Но из-за того, что киевляне выиграли у торпедовцев (3: 2), дядя был в чудном настроении и отпустил нас.
На этот раз нам пришлось ждать. Минут десять, а то и больше. Причём это было совсем не так легко, как вы думаете, потому что мы не просто ждали, а… боролись. Всё время боролись с неудержимым людским потоком, который старался смыть нас и выплеснуть куда-нибудь на Бессарабку или даже на площадь Калинина. И это требовало страшных усилий. Наконец показались ребята.
- Идём! - скомандовал Будка.
И мы, с облегчением вздохнув, поплыли по течению.
- Ну? - нетерпеливо спросил я, подруливая к Будке.
- Потом! Тут не место… Вот уж тянет резину!
Мы выплыли на Бессарабку и нырнули в какой-то проходной двор, который вёл на Печерск. И тут, в тёмной подворотне, Будка остановился.
- Значит, так, - сказал он тихим, конспиративным голосом, озираясь по сторонам. - У нас был разговор с этим чуваком. Мы едва уговорили его. Вот хлопцы скажут…
- Да, ага, ага! - вразнобой, но твёрдо поддакнули хлопцы.
- Он согласился отдать часы, - продолжал Будка. - Но… только ночью. Причём сегодня. Завтра будет поздно. Потому что утром он чешет из Киева - его ищет милиция…
- Ну? - У меня сжалось сердце.
- Железо! Часы у него в тайнике… в пещере… возле Лавры. Днём туда нельзя - прогонят… Так вот, договорились встретиться в полночь у церкви Рождества Богородицы, а точнее, возле могилы Кайсарова. Знаете?
Мы с Явой переглянулись. Одурачить, что ли, хотят? Неужели одурачить? Но зачем?! А хоть бы просто так… Что же делать? А что тут сделаешь!
- Боитесь? - презрительно сощурился Будка. - Ну, если боитесь, как хотите. Часы ваши, а не наши… Одни мы, конечно, не пойдём, нам-то что…
- Ладно, - сказал я. - Мы придём. Если б это были мои собственные часы, я бы ещё подумал, идти или нет. Но вы же сами знаете, что это за часы!
- До встречи, - весело сказал Будка. - Только не проспите!

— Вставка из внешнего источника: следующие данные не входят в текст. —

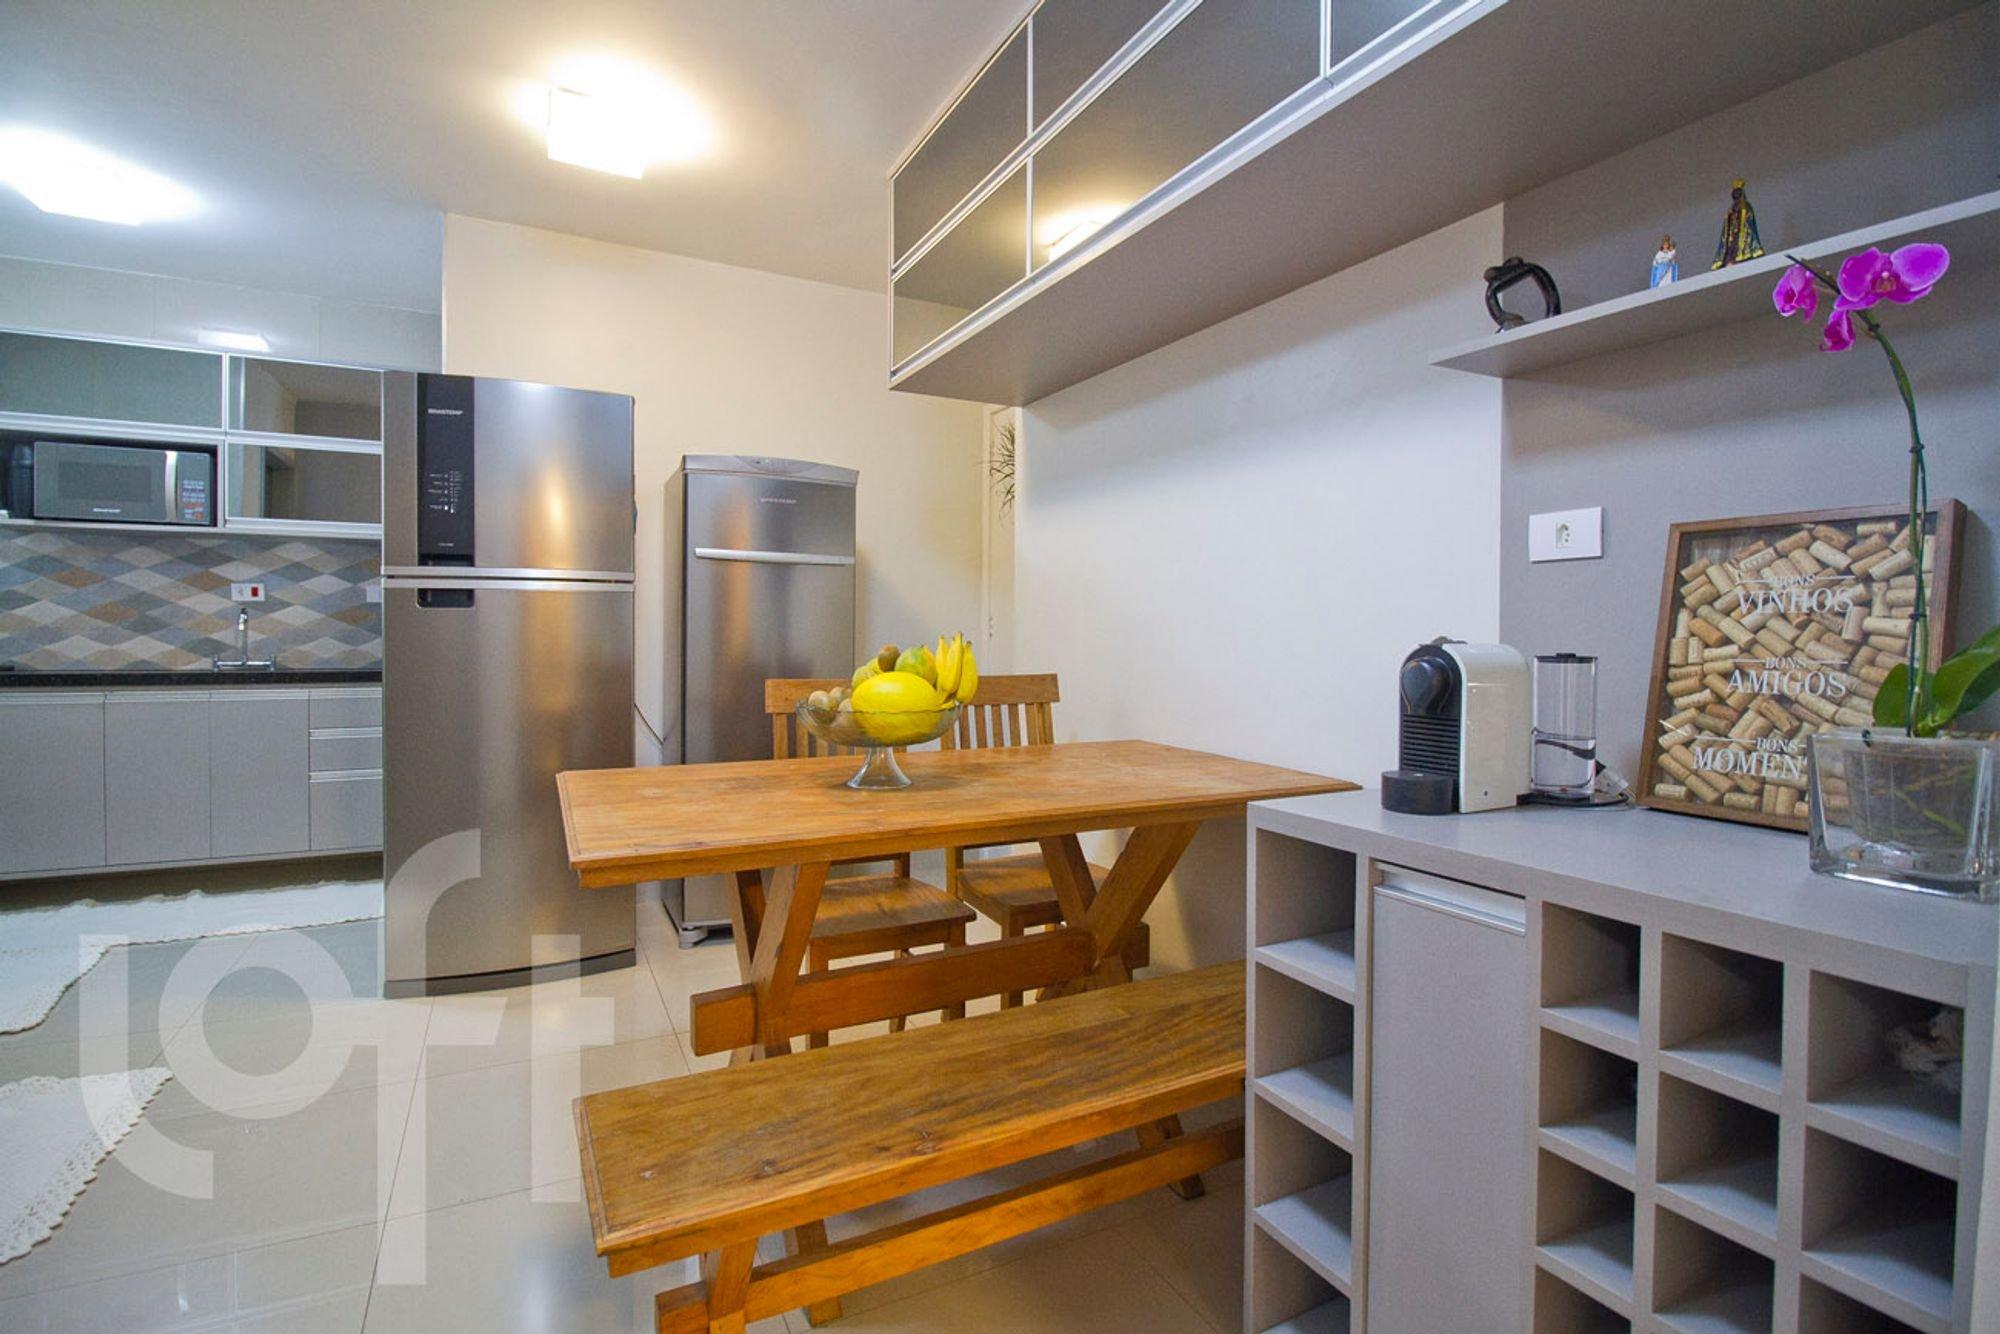 Foto de Cozinha com banco, geladeira, mesa de jantar

Глава XII. Казацкому роду нет переводу. Кошевой Карафолька. Письмо запорожцев. Ночь на кладбище (воспоминания).
Вечер. Одиннадцатый час. Мы лежим на широченной, как Крещатик, тахте у открытой двери балкона.
Лежим тихо, не шевелясь - делаем вид, что спим. Дожидаемся, когда заснут дядя и тётя, чтоб можно было потихоньку улизнуть.
Нет, должно быть, более тягостного ожидания, чем вот такое, когда лежишь без сна, неподвижно и ждёшь. Да ещё ждёшь, не зная, что тебя ждёт. Когда тебе нужно в полночь идти куда-то в жуткую темень к могилам…
В голову надоедливо лезут всякие страхи и воспоминания.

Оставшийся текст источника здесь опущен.